Вдруг подумалось: почему мои дед и бабка Павел и Ульяна так рано ушли из жизни? А братья Володя, Женька, Валентин? А сестра Лида? А многие и многие, и среди них и ровесники мои, друзья детства? Жизнь оторвала Павла и Ульяну от привычного уклада, от родного дома и земли. Перегрузки души оказались не по силам, ускорилось развитие отрицательного: мелке царапины превращаются в кровоточащие и незаживающие раны, крохотные узелки — в опухоли, наступает досрочный разлом души и тела, как земной коры при 9 баллах по шкале Рихтера. А один балл никто не чувствует. От жизнетрясений обрываются нити жизни, сгорают сроки, отведенные людям на дела земные, и не справляются они с этим, и ангелы-хранители не в силах помочь. А сколько жизнетрясений обрушилось на людей за мой век: революция, Гражданская война, коллективизация, Великая Отечественная, Афганистан, разлом страны, Чечня… И чем тоньше душевные нити, тем скорей обрыв… И не все справились с перегрузкой.
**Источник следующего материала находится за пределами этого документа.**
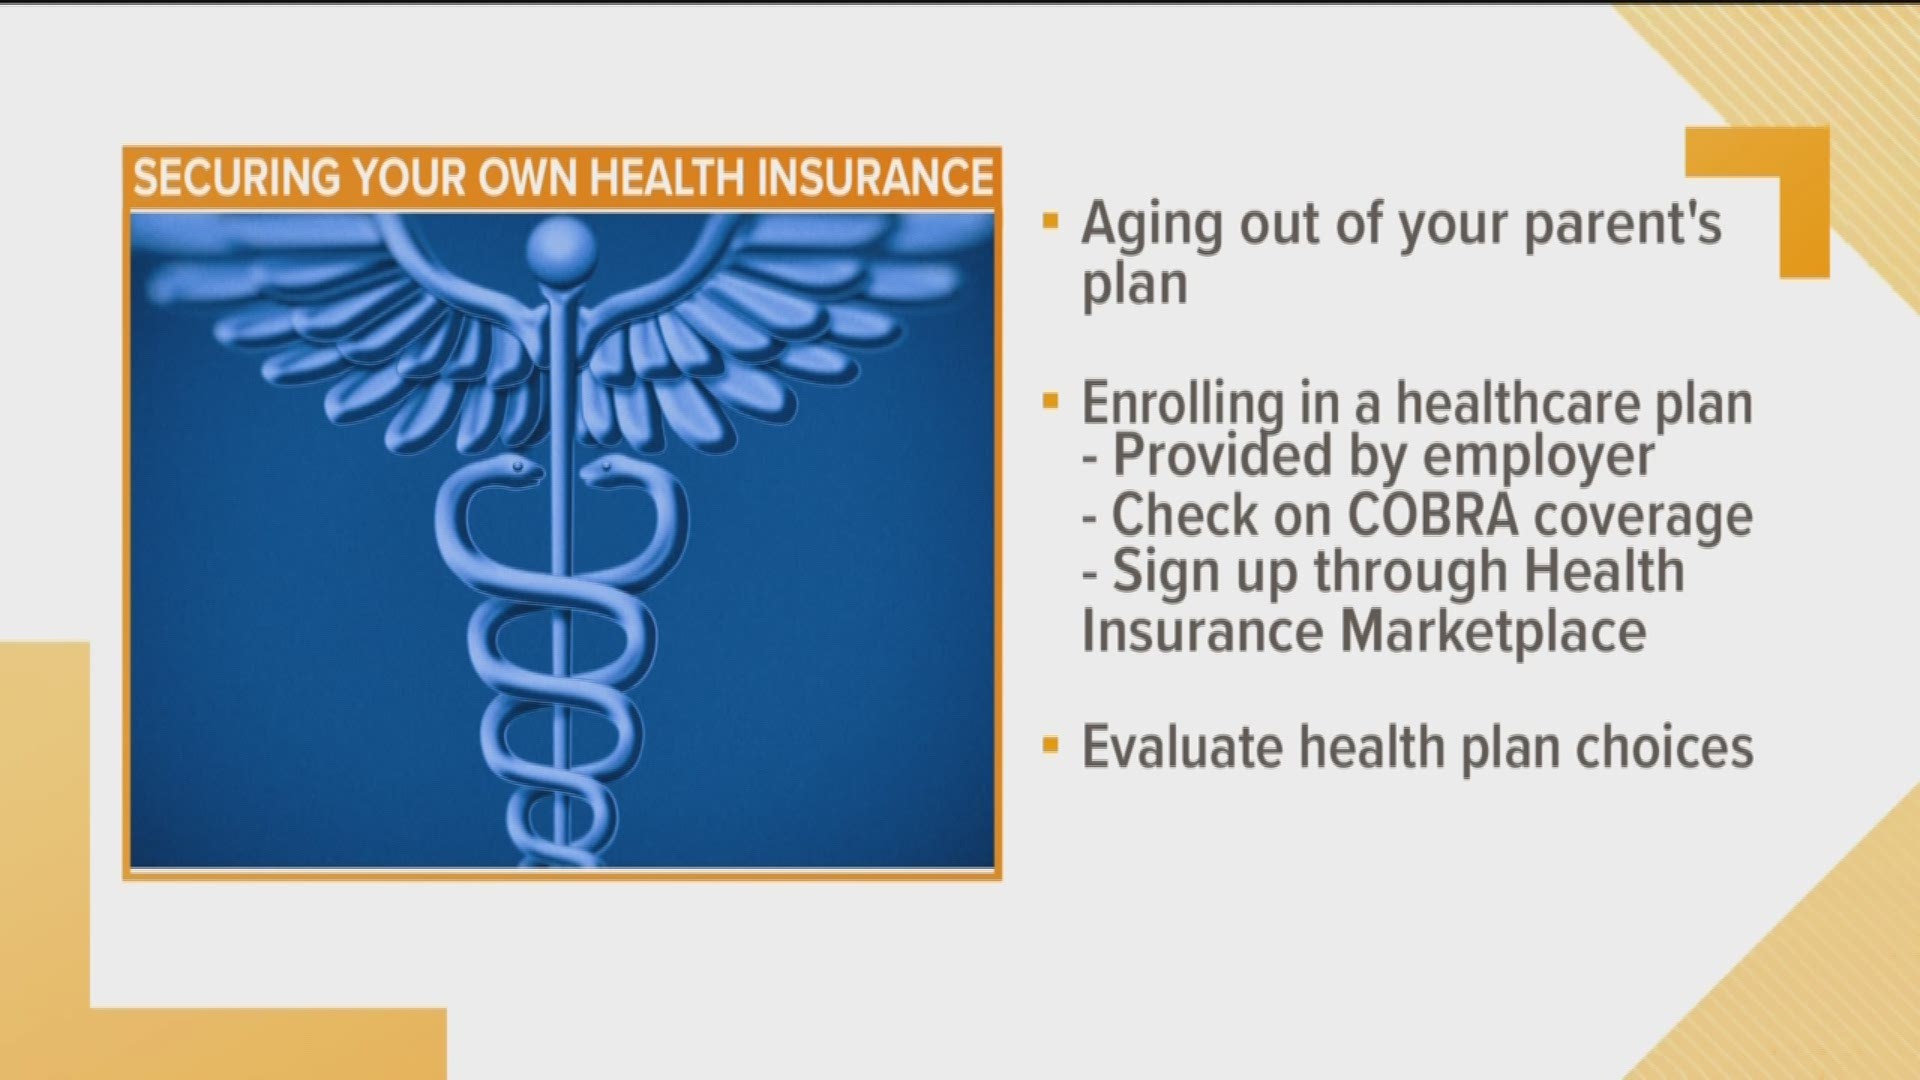 It might seem overwhelming, but if you take the time to assess your needs and understand your options, signing up for your own health care plan can be easy. https://kare11.tv/2NQeRuu

Но есть и долгожители, прошедшие и ГУЛАГ, и Освенцим. И живы до сих пор. Им, наверное, горькие годы в зачет жизни не идут. И дано им жить за рано ушедших…
Меньше всего я старался кому-нибудь и чему-нибудь угодить: живущим родным и близким, читателям и редакторам, друзьям и критикам, в первую очередь, собственному самолюбию и амбициям. Я трудился по заказу своей памяти и души и вот с грустью расстаюсь с начатым восемь лет назад. Я освобождаюсь от бремени замысла. Рукопись рождена, и чувство опустошения посещает меня.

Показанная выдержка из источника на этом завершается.